Vibration can produce a wide variety of different effects to the operators. Farm equipment operators are usually exposed to whole-body vibration which transmitted via the seat or via the floor and feet. This vibration contributes to operator fatigue and can have a detrimental effect on job performance and safety.
The objective of this study was to determine whether body mass index (BMI) influences the risk of low back pain (LBP) in a population exposed to whole body vibration (WBV). For this a survey conducted in nine farm machinery-servicing stations belong to the Ministry of Agriculture (MOA), Farm machinery station in Gemiza, Egyptian Project for improving the main crops production in Sakha, and the local sector of farm machinery during the years of 2008-2009 through periodic visits. Vibration measurements were performed according to ISO 2631-1, 1997.
Two measurements were taken: stand height, and weight the results revealed that the tractor (Nasr model) which has no suspended seat and range of 60-65 horse power in the sample under study considers the highest equipment gives WBV data the frequency weighted RMS acceleration magnitude of the largest single orthogonal axis is in the vertical axis (Z) and also for VDV of weighted RMS acceleration.

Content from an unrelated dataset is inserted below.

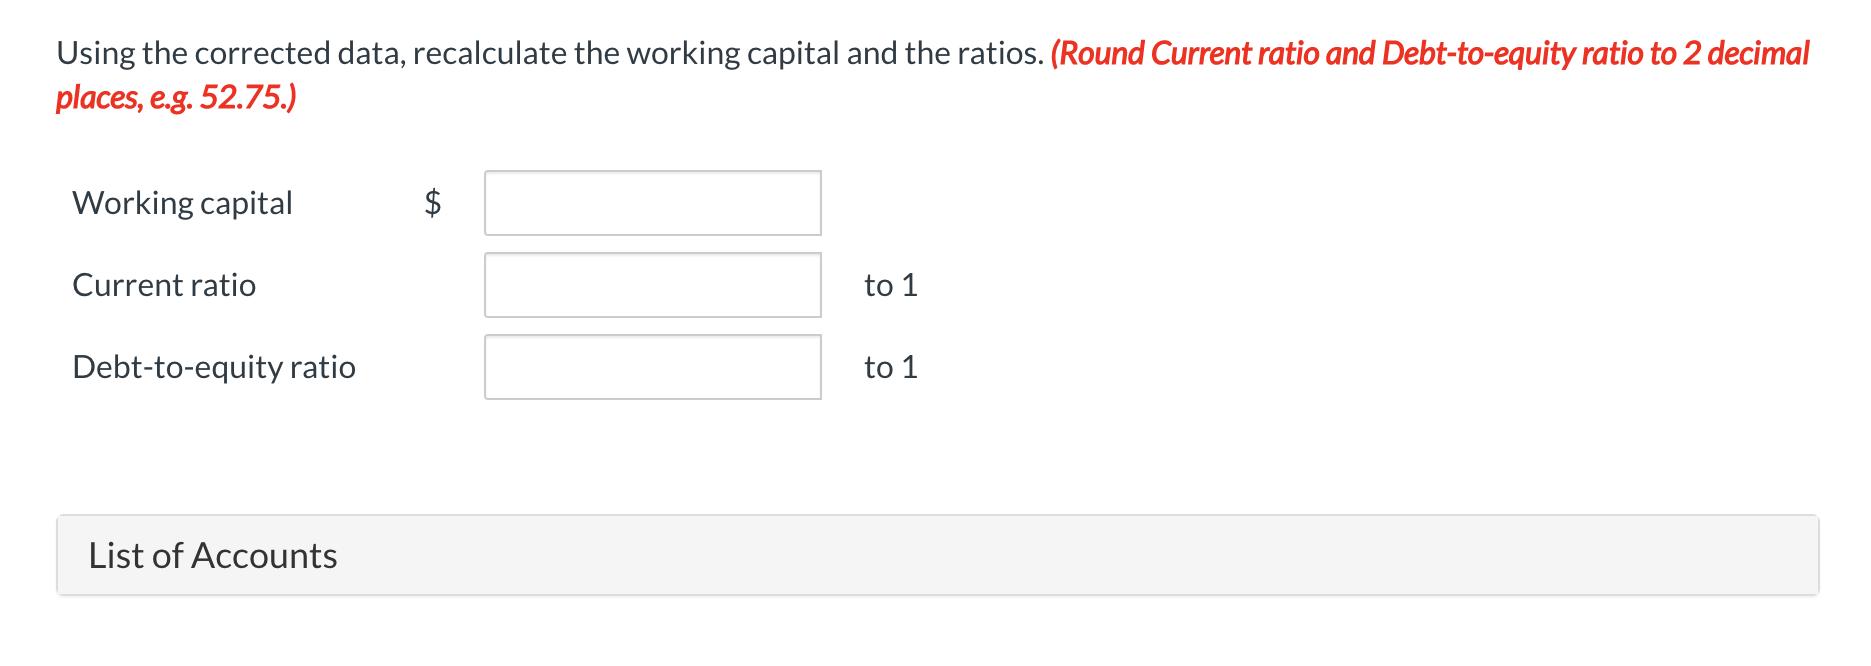 Using the corrected data, recalculate the working capital and the ratios. (Round Current ratio and Debt-to-equity ratio to 2
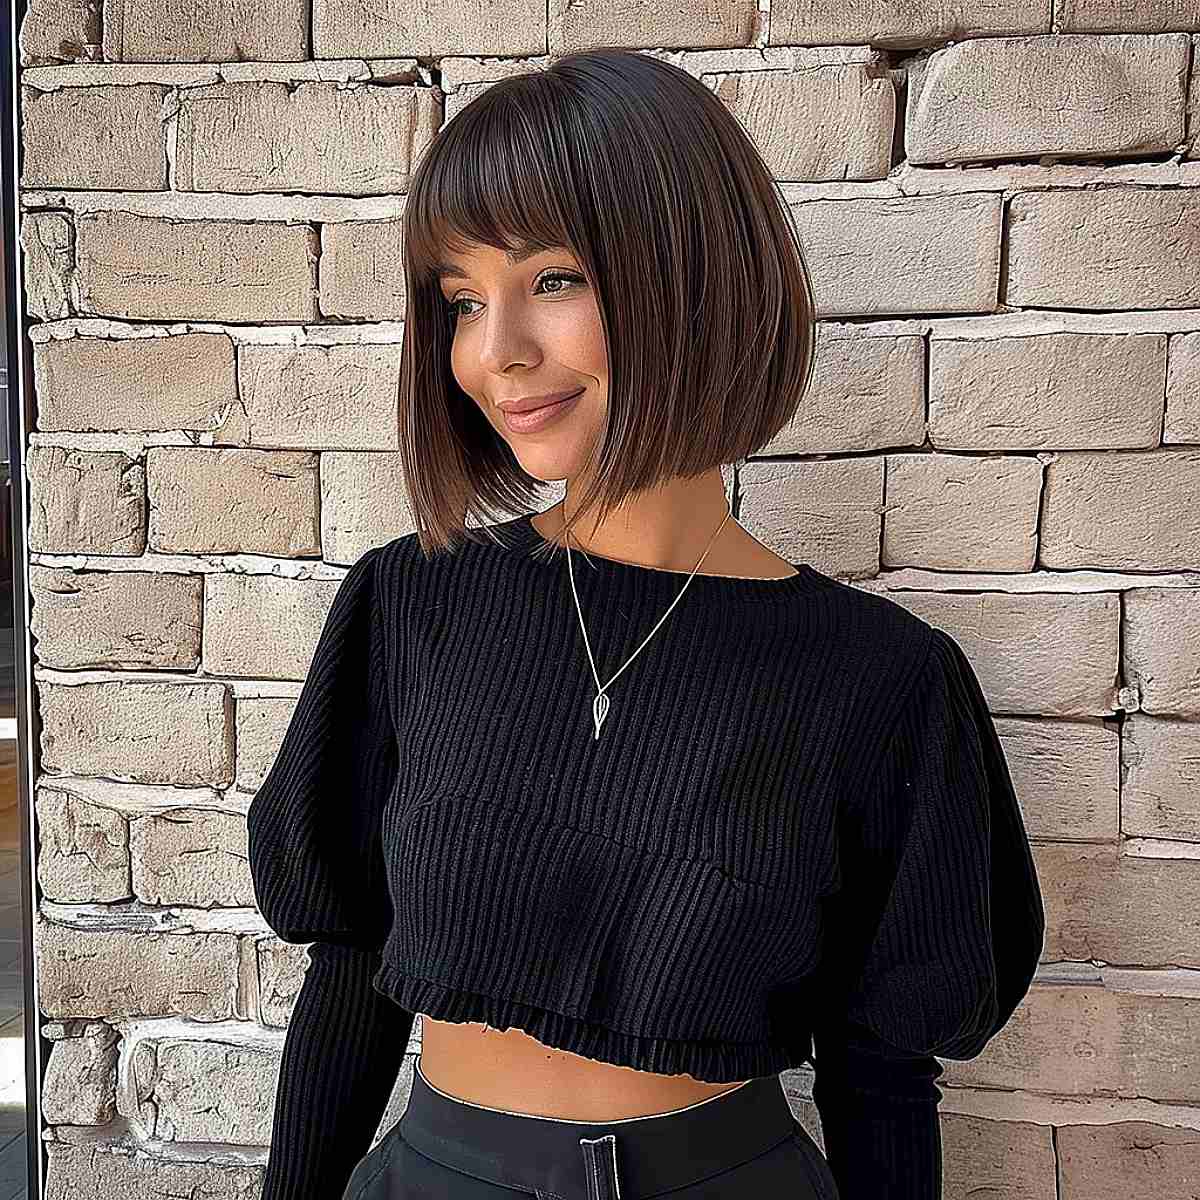 Classic Chin-Length Bob with Bangs Hairstyle

This constitutes a high risk on the labor body, followed by UTB tractor and rice combine. On the other hand, the WBV emission levels recorded during the harvesting by wheat combine and threshing tasks were low which constitute no risk on the labor body
The results revealed that the highest number of injured labors was in the age group of (41-45) years (46.4%), followed by (46-50) years (28.6%),
but the least number of injured labors was in the age group of (34-40) years (14.3%), and followed by (51-55) years (10.7%). Type of pain indicated that the highest number of pain was (47%) for temporary LBP, followed by (22.6%) for healthy body, and (8.3%) for chronic LBP. Results showed that there are significant differences between the different types of equipment during the variation of farm operations, significant correlation, and significant relationship between accidents factors.